**WORK INSTRUCTIONS**
Would you copy only the lines below, from the one containing "七海 呪術 斗 健 戦 廻" through the very last one, leaving the pictures out?

**GIVEN MATERIAL**
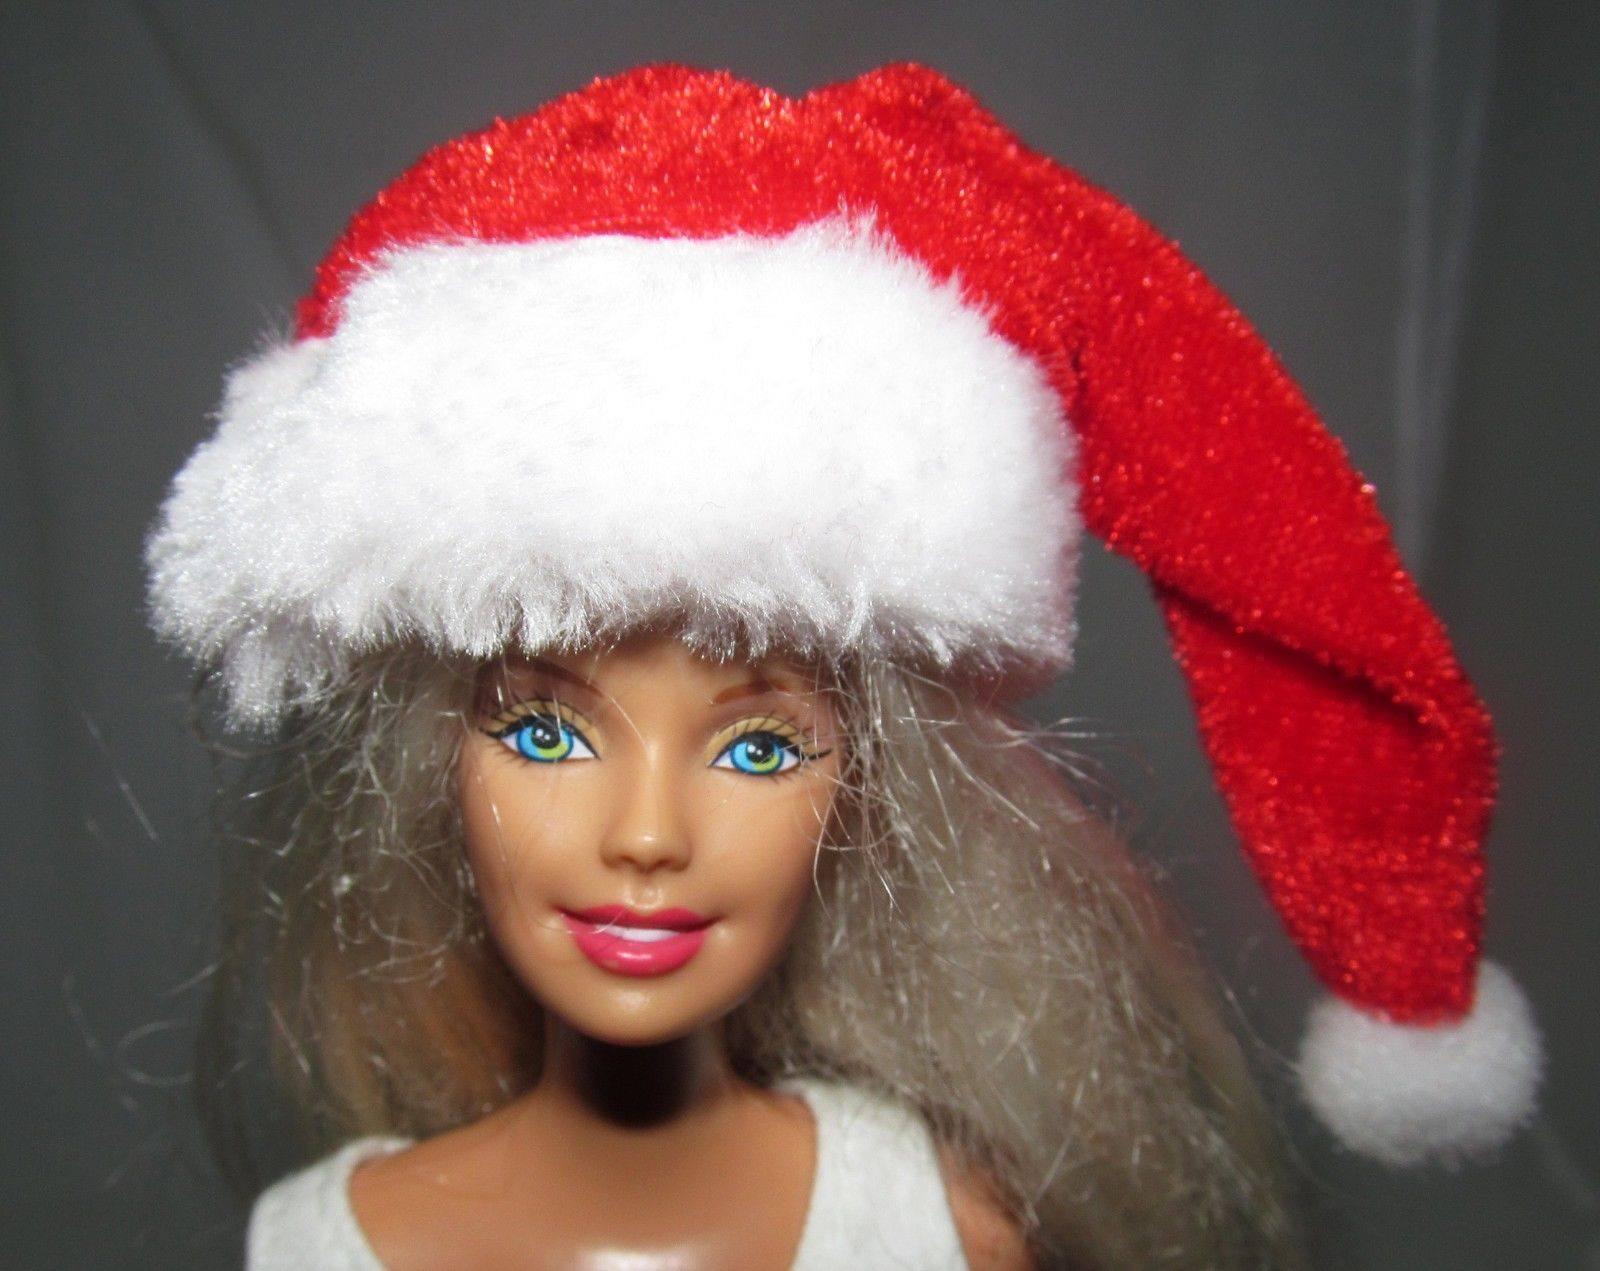 Fiesta De Navidad Miniatura Mini Sombrero De Santa Claus Barbie Ken Moda Muñeca uno de una clase
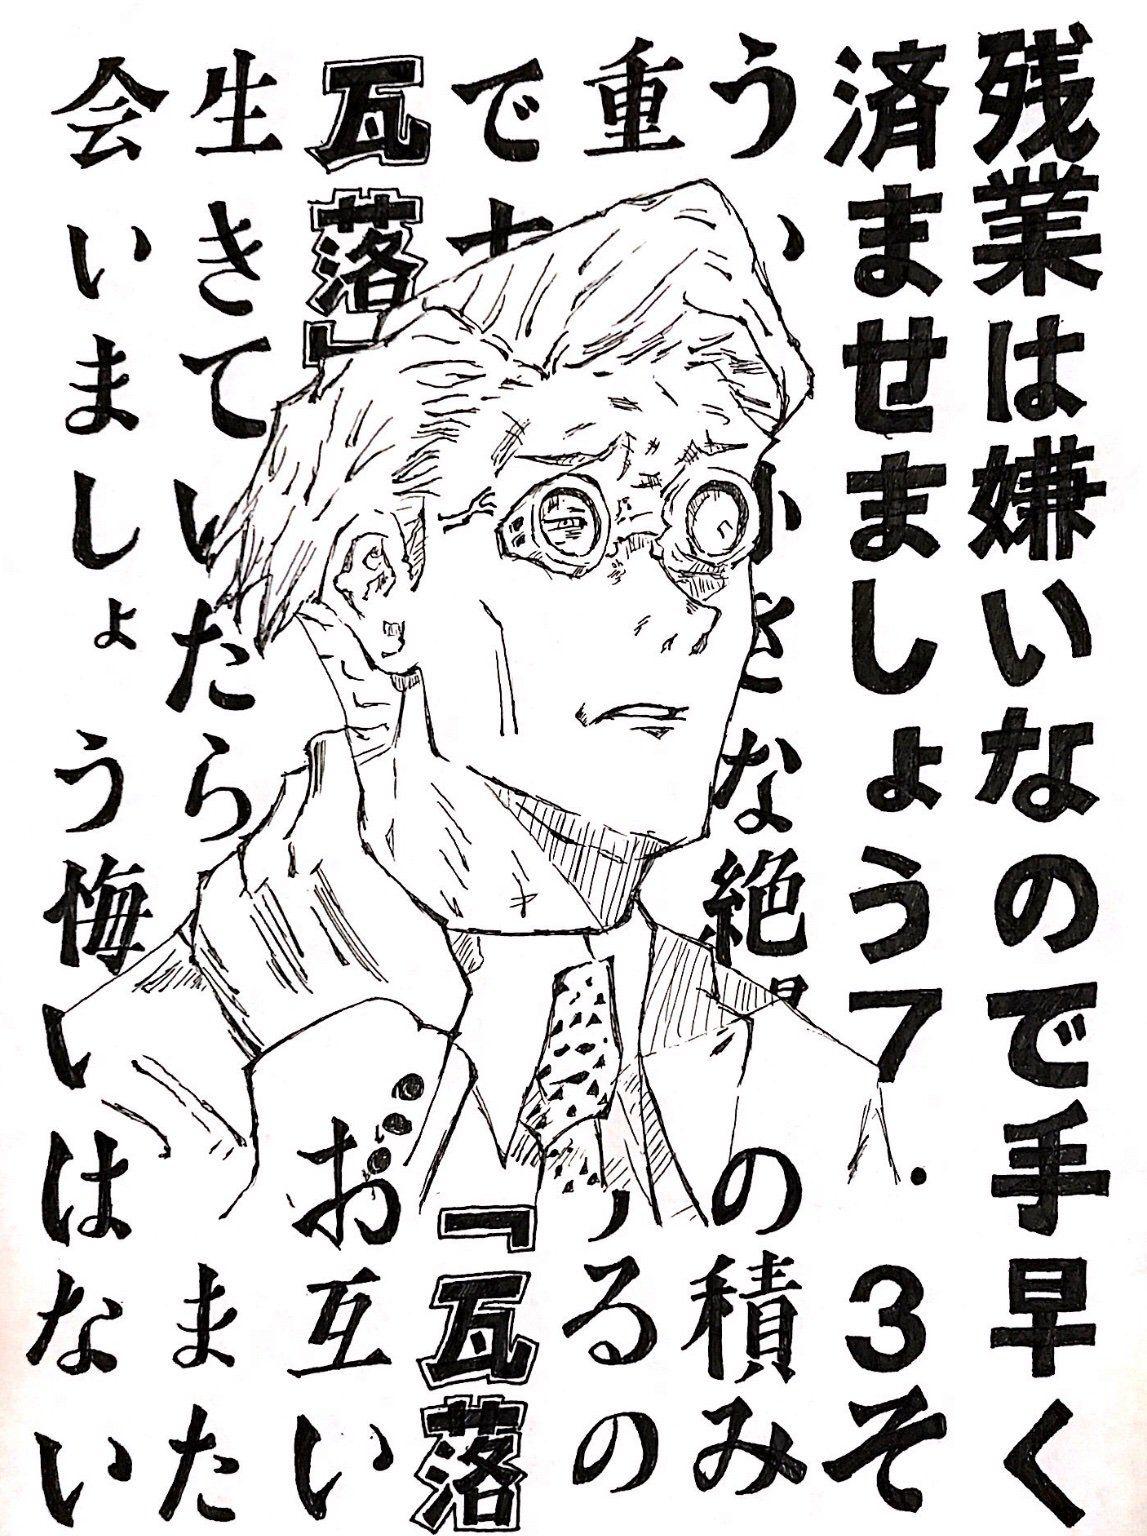 七海 呪術 斗 健 戦 廻
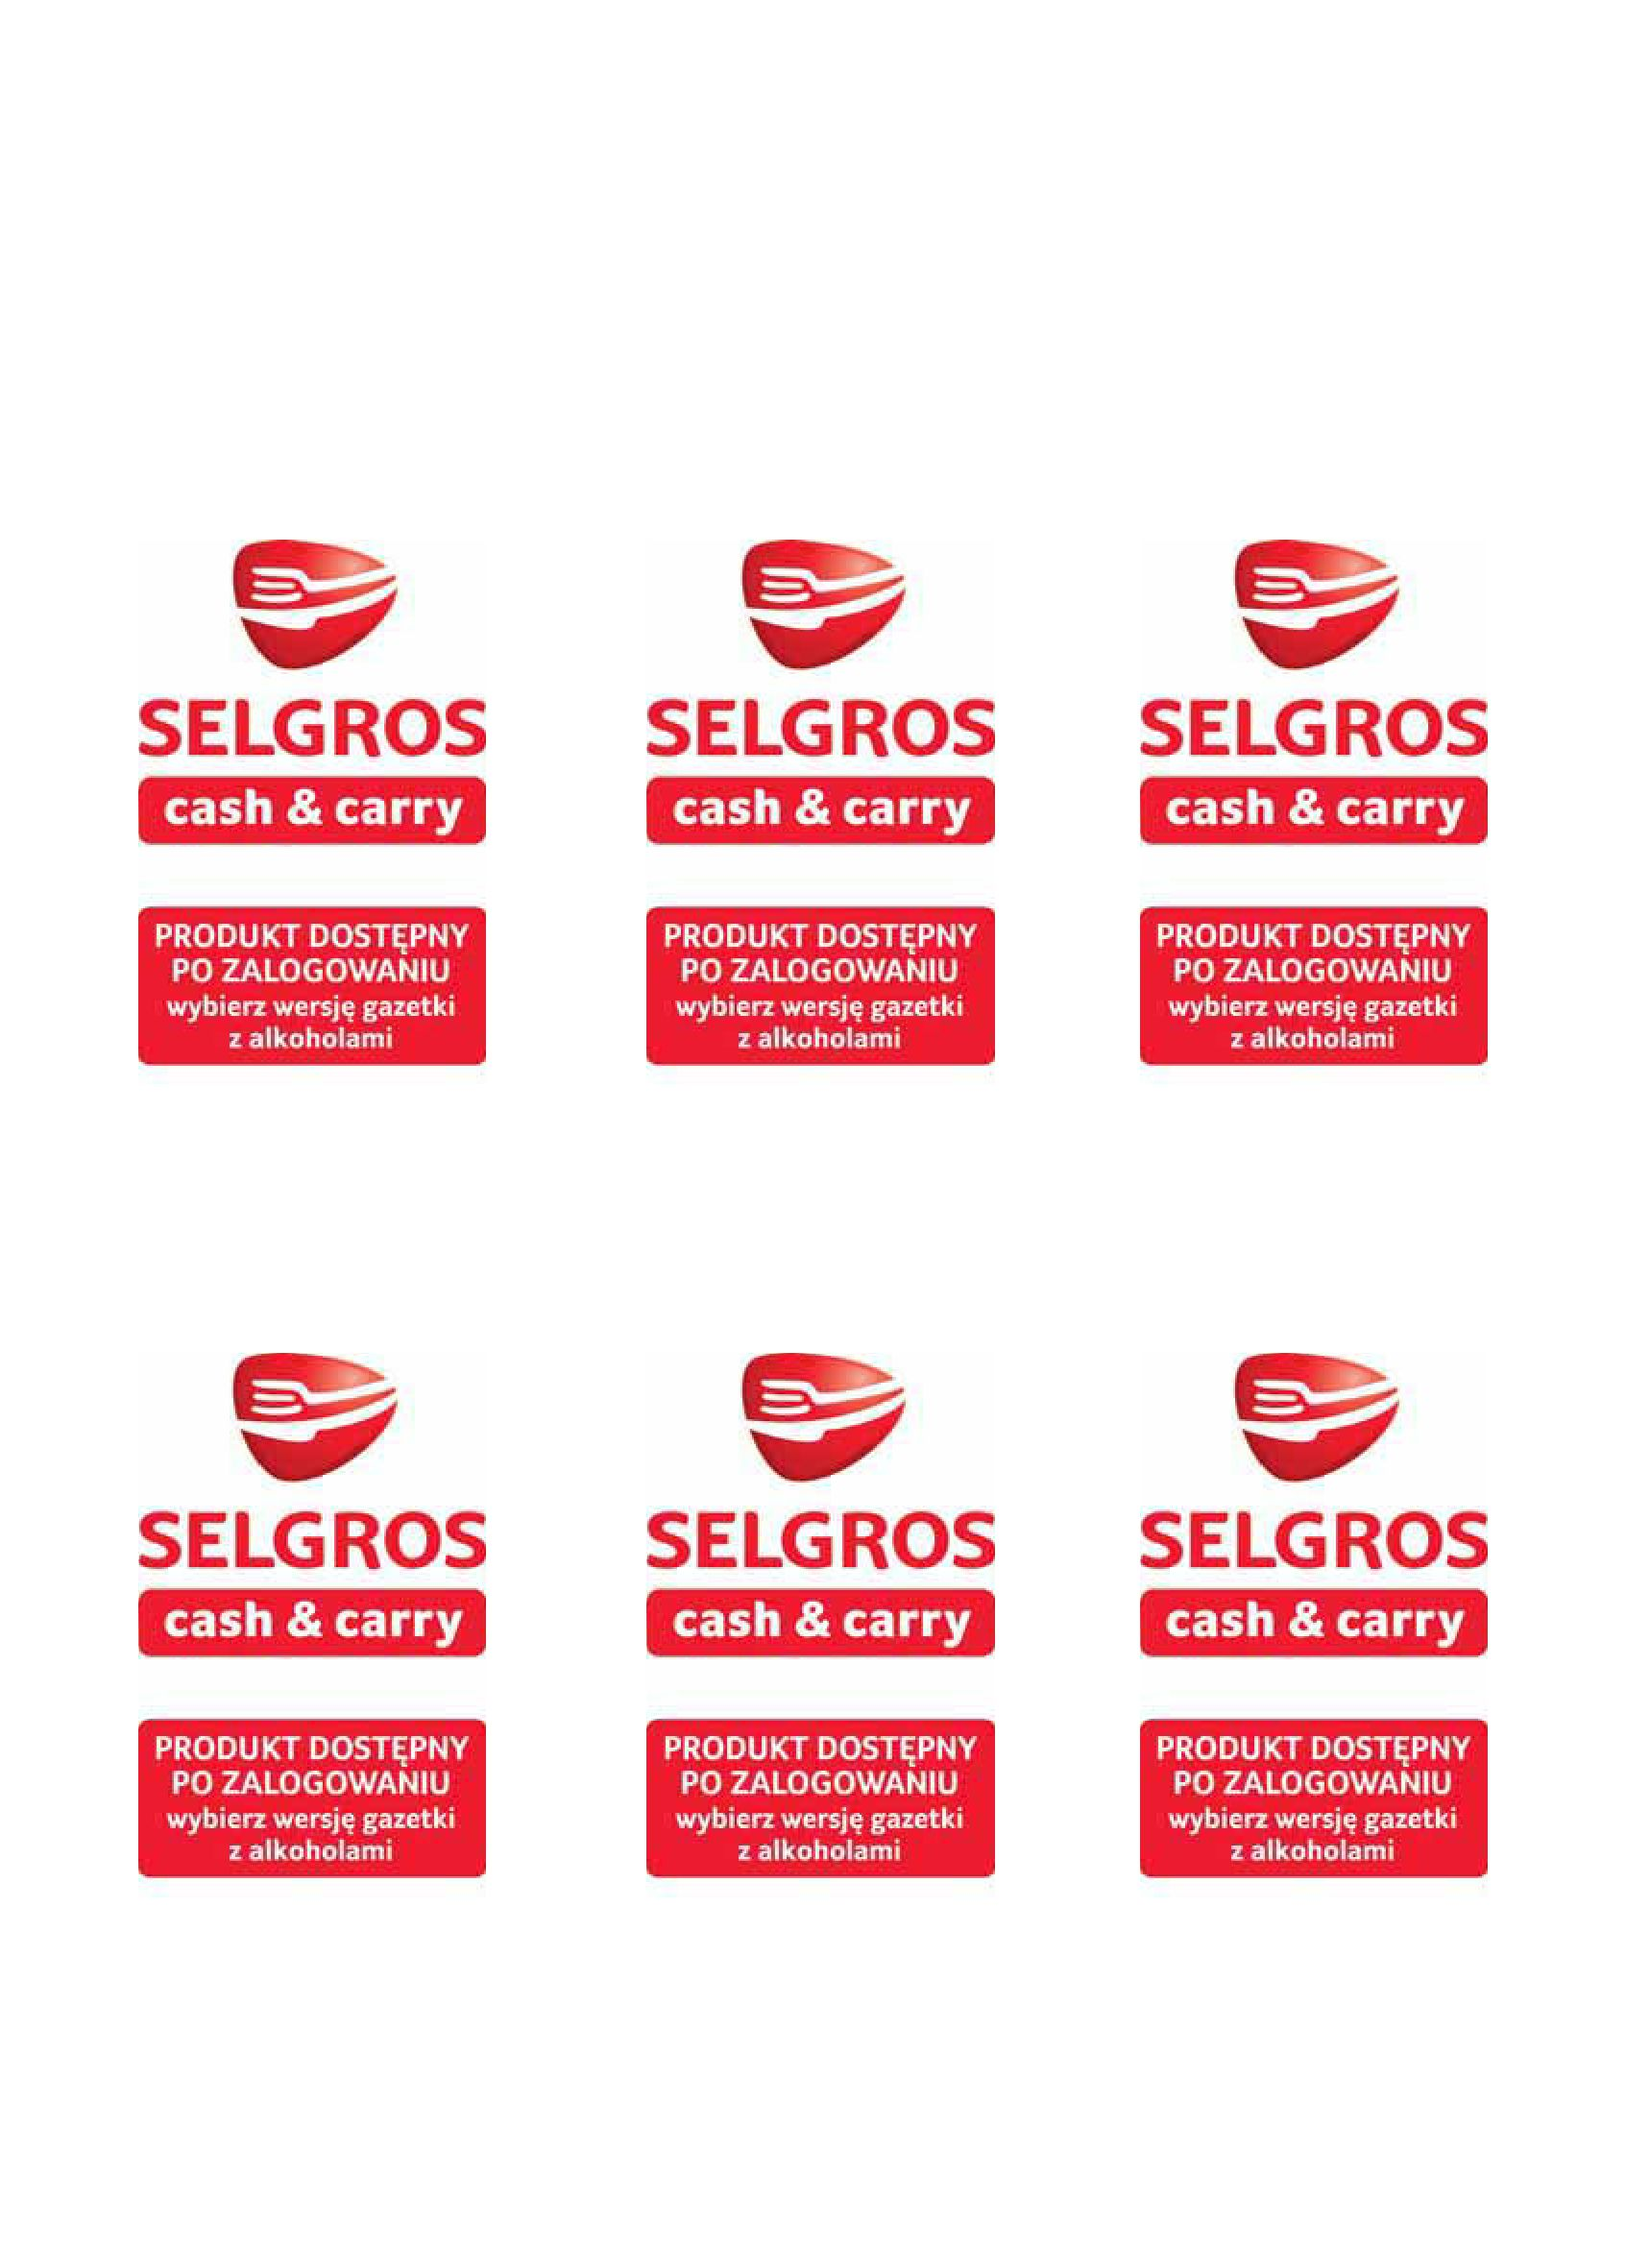 Gazetka Selgros - Oferta spożywcza-05.02.2020-19.02.2020-page-20

**REPLY**
 七海 呪術 斗 健 戦 廻
 Gazetka Selgros - Oferta spożywcza-05.02.2020-19.02.2020-page-20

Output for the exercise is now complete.